DestinysHand schrieb:


> TaipanGer schrieb:
> 
> 
> > DestinysHand schrieb:
> ...


@ DestinysHand : Du magst deine eigenen Ansichten/Ideologien haben, die für dich als die richtige zu sein scheinen. Jeder hat seine eigenen Ansichten, von dieser er überzeugt ist. Das ist menschlich. Und das wird auch immer so sein, egal wieviele Regeln und Vorschriften es gibt. Aber eine eigene Ansicht zu haben ist nicht zwangläuft die falsche.

Die Ansichten von  TaipanGer  mögen zwar etwas radikal erscheinen, aber jeder lernt die Weisheiten die er von seinem Umfeld kennt und lernt. So ist es nun mal.

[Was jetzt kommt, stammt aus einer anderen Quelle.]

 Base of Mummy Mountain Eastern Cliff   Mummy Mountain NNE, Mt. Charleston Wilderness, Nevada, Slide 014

Und wenn jemand so aufwachsten tut, wird er es sicher nicht von jetzt auf bald ändern können/wollen und darüber hinaus bringt das Argument "jeder ist sein Schicksals Schmied" auch nicht sonderlich viel. Der Mensch passt sich seiner entsprechenden Umgebung und deren Umstände an.

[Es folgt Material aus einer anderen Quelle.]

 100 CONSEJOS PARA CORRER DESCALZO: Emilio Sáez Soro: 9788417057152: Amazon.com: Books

Auf der Welt ist es leider so, dass der stärkere gewinnt. Und das muss nicht umbedingt auf das physische beschränkt sein.


----------



## RoTTeN1234 (6. August 2010)

*AW: Special - Wer nervt Sie am meisten im Multiplayer? Rage-Quitter, Lagger, Camper oder Base-Raper?*

Ändern können, ja. Ändern wollen, im Regelfall nein. Warum auch? Man ist ja der Stärkere. Da der Großteil der Menschheit so denkt, muss man anfangen damit klar zukommen.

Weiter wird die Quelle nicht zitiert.